Untreated meniscal tears, including macerated tissue tearing, has been reported to be a known risk factor for the development of arthritis over a 2-1/2 year time, with an almost 5 times increased risk of arthritis. In addition, a total meniscectomy increases the risk of arthritis by 14 times at 21 years postoperation and a partial meniscectomy increases the risk of arthritis by 4 times 16 years after surgery.
It is also known that patients who have a meniscectomy have gait mechanics that are altered because of the lack of meniscal support. Patients who have undergone partial medial meniscectomies have been reported to have increases in external rotation in walking which can overload the cartilage. These small increases in rotation may result in the thinner cartilage, which is not adapted to receiving as much force, being the main source of joint loading over time and could lead to the further progression of arthritis in these patients. In addition to these structural changes after a meniscectomy, knee motion also is consistently decreased in operative versus contralateral limbs. Thus, early physical therapy to restore motion is an important portion of the patient’s postoperative rehabilitation. In addition, it is important to recognize that the small alterations and joint kinematics can over time have large effects on the cartilage and lead to arthritis.

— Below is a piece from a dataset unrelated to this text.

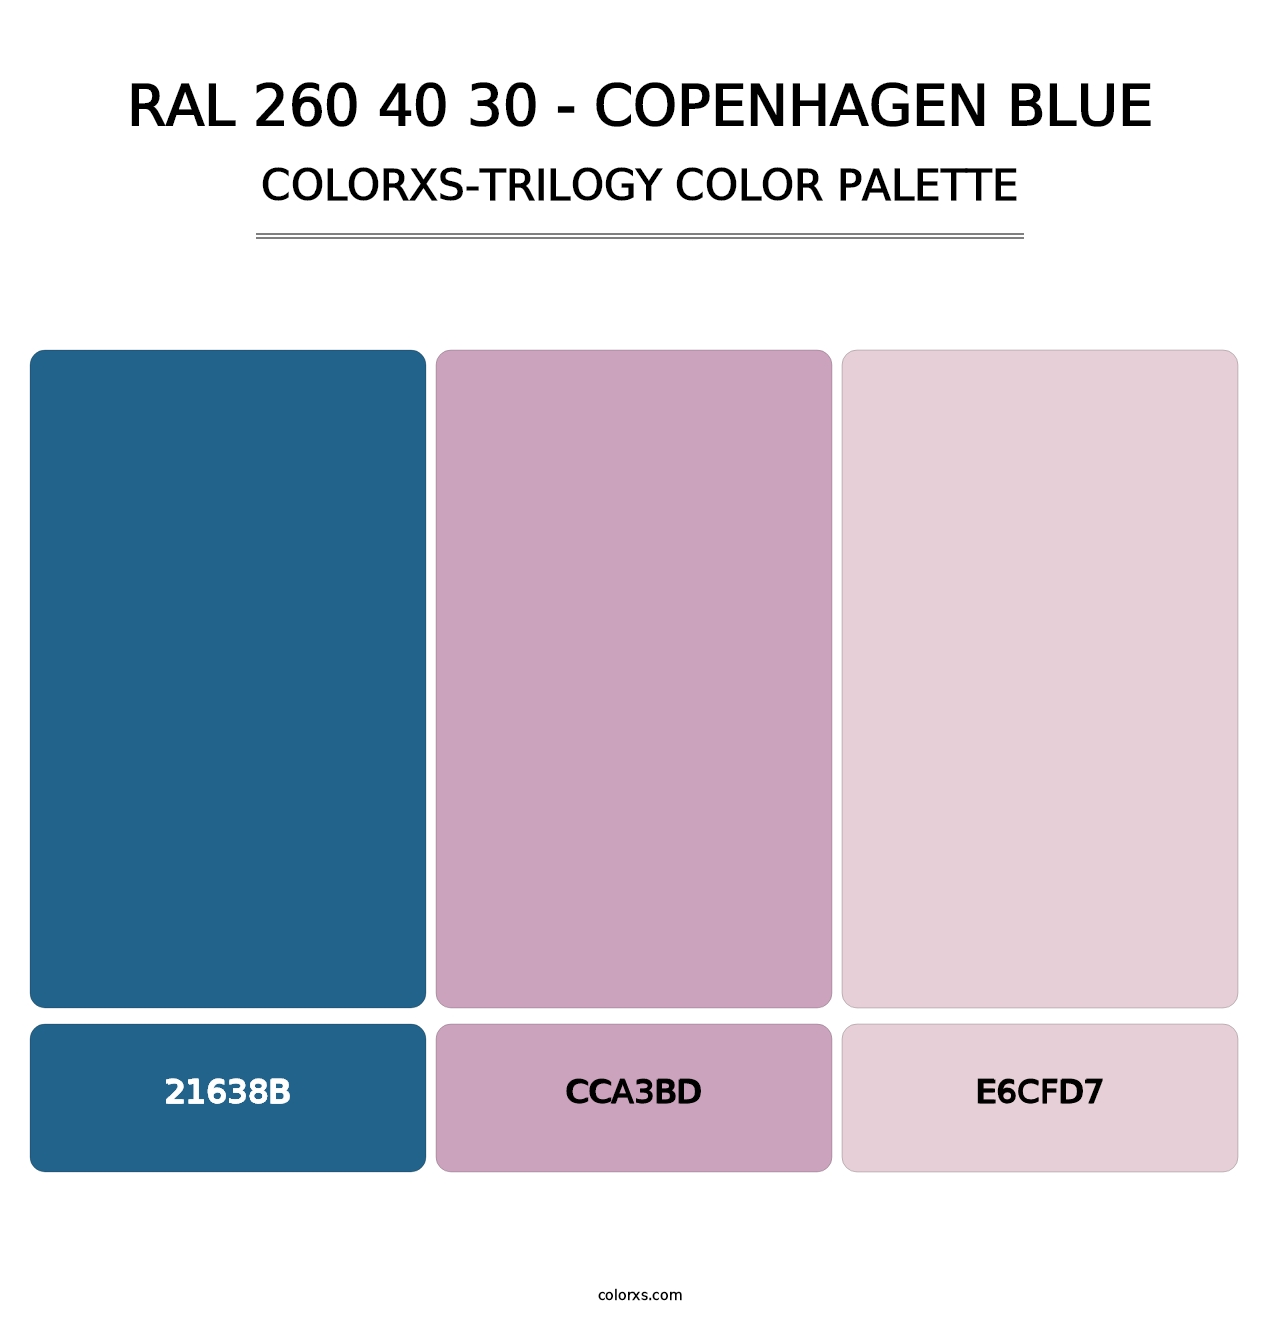 RAL 260 40 30 - Copenhagen Blue - Colorxs Trilogy Palette

It is assumed that in addition to loss of mechanical function and shock absorption from the meniscus tear, inflammation develops in the joint after an injury. The inflammatory response often will set off cytokines, specifically interleukin-1 and tumor necrosis factor alpha (TNF –alpha), which can lead to the development of cartilage wear and breakdown. In addition to meniscal damage after traumatic injury, it is known that obesity or aging (or both), can also result in increased inflammatory cytokines in the knee joint over time. Thus, a means to slow down this increased systemic inflammation should be indicated.
In addition to the local effects on the cartilage of inflammatory cytokines causing cartilage wear, it is also important to recognize that the acute inflammation can lead to increased pain. Pain can also result in modification of the patient’s gait, which can change the load pattern and lead to further cartilage wear. In addition, it is well recognized that a patient with a varus knee alignment will have greater medial cartilage overload and the same is true for the valgus aligned knee having more lateral cartilage overload after a meniscus resection in the same (ipsilateral) compartment. Thus, losing the meniscus and the affected compartment when one has a joint malalignment will cause the cartilage to wear out even faster over time. It is important to recognize it is not just a surgical meniscectomy that can cause these changes. Meniscal damage without a meniscectomy can still lead to significant changes in the location and amount of load the articular cartilage which can lead to arthritis. Thus, it is important to judge if a patient has pain, which can lead to changes in gait mechanics and muscle strength, as an important indication to proceed with a meniscectomy to slow down the progression of arthritis, even if it is a degenerative tear.